| CLUTTERING THE VIEW
TV news overwhelms the audience with labels and graphics
by Deborah Potter
The "Newsforce" skit on Saturday Night Live a while back
was supposed to be a joke. Mocking the overuse of graphics in television
news, the producers crowded the screen with so much extraneous information
that, by the end of the sketch, you could hardly see the "newscasters."
Funny? You bet. But it's no longer a joke.
It's getting to the point where everything in TV news has an on-screen
tag, and the packaging is so thick you can hardly find the content.
Logos and labels, scores and statistics, headlines and hyperlinks-the
clutter is out of control.
What started as an effort to help viewers tell stations apart by
adding an ever-present identifying "bug" has wound up
overwhelming viewers with TMI, too much information. It's one thing
for specialized channels like all-business and all-sports networks
to run on-screen tickers: their viewers often tune in just to check
a particular stock or score. But the effect of adding multiple lines
of ticker-style text to the average newscast is that many viewers
are simply unable to process it all.
Researchers know that when words appear on screen most people read
them. The "always on" time and temperature bug may be
easy to ignore, but that doesn't hold true for story slugs, name
ID's, and local headlines that change throughout the newscast. Each
new line of text is a potential distraction, pulling the viewer's
attention away from the substance of the newscast.
That's not the only reason graphics overload is so pernicious.
A lot of graphics now in use are fundamentally misleading. Take
my local TV weather report, which always originates in the StormCenter
no matter how pleasant it is outside. Or take the "breaking
news" label stations regularly slap on just about any story
you can name. One cable network kept its "breaking news"
banner up for almost a month last year, throughout the Florida recount,
while reporters vamped for hours telling viewers that nothing much
was happening.
In many local newsrooms, "breaking news" has become just
another franchise, to be doled out during the daily rundown meetings
at mid-afternoon. "What's our breaking news at 5:00?"
a producer will ask, more than an hour before airtime. If people
challenge the use of the label they're told it's legitimate, because
when five o'clock rolls around they'll be telling their audience
about that story for the first time. Excuse me? That makes it breaking
news?
It's hard to imagine that anyone could truly buy that justification-it's
breaking news because we say it is-in today's media environment.

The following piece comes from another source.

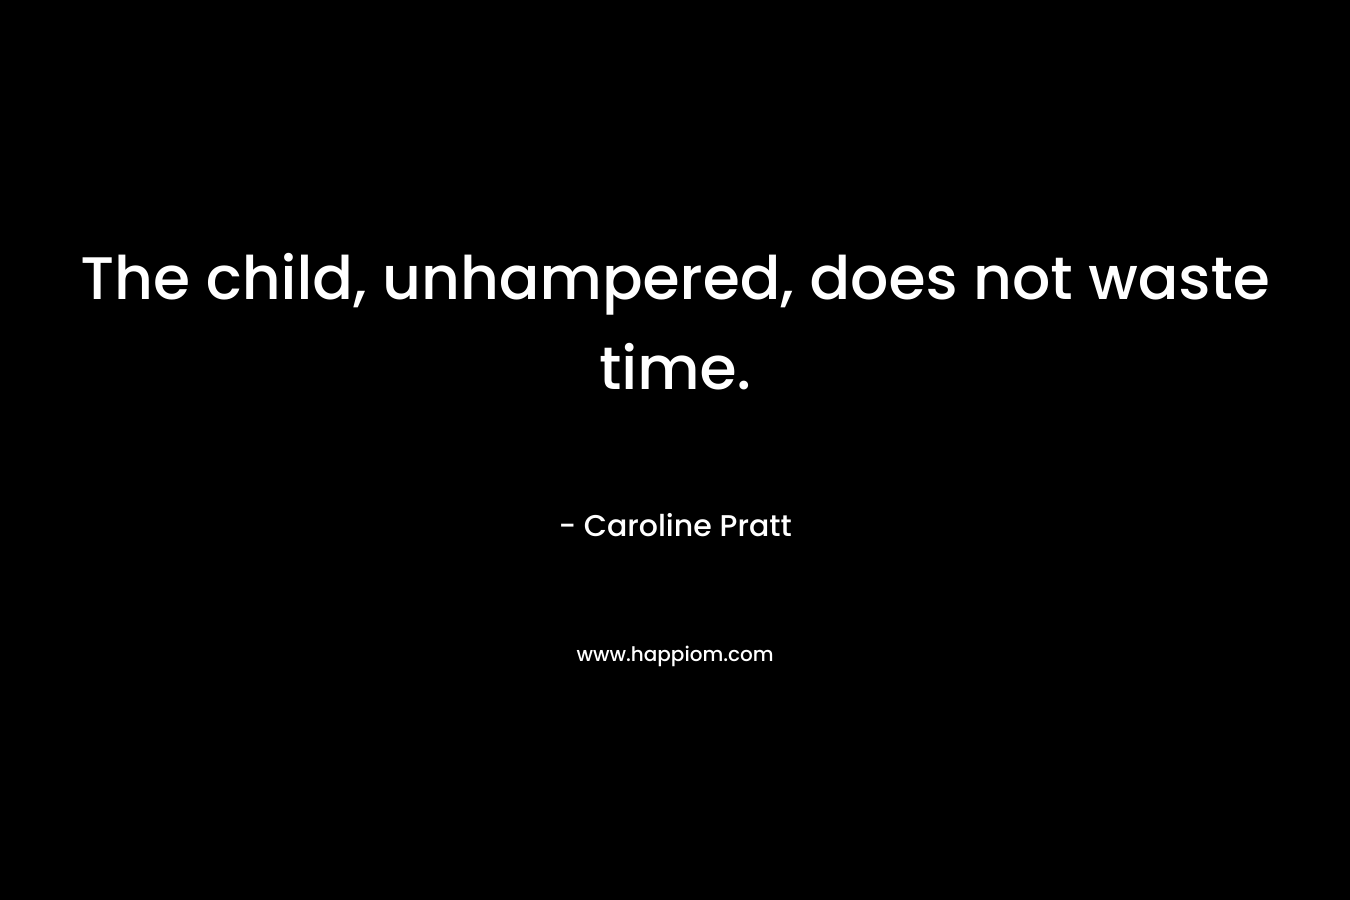 The child, unhampered, does not waste time. – Caroline Pratt

You'd have to believe that your audience is made up of Luddites
who don't have a clue about what's happening in their world until
you tell them. That shows either a total lack of understanding about
how people get information these days-most of us are swimming in
it all day long-or it shows a serious lack of respect for the people
you're trying to reach.
Philadelphia anchor Larry Kane of KYW-TV knows what's really going
on. In the race for ratings, stations have adopted the tactics of
a carnival barker: shout louder, and maybe they'll come into your
tent. "[S]tations call almost any news 'breaking' to hook the
audience," Kane wrote in the Philadelphia Inquirer, "some
of whom are getting wise to the scam."
Television news has become a prisoner of its own packaging. You
can almost hear it: We bought those expensive graphics, and by golly,
we're going to use them!
It may seem like a little thing--calling something breaking news
when it's several hours old--but it's part of a detrimental pattern
in many local newsrooms. Telling viewers a story can be seen "Only
on Channel X" when half the sound bites come from a news conference
every other station covered too. Touting a story as "New at
11" when there's not a single new development to report, not
even a frame of fresh video.
At a minimum, using these kinds of labels amounts to baseless boasting,
and viewers don't like it. "They take points away from you
for doing that," says John Cardenas, news director at WBNS-TV
in Columbus, OH.
At least one consulting firm, Frank N. Magid Associates, has begun
warning clients against "over-bundling" stories, saying
viewers have become increasingly skeptical about "special reports"
on health or education that aren't special. "Over-franchising
can get you in trouble because it can make people think your news
is all come-on and not enough news," says John Quarderer, Magid's
vice president for North American television.
But there's even more at stake. Viewers who feel disappointed or
deceived by the way stories are presented might just stop believing
what they see. And that seems like far too high a price to pay.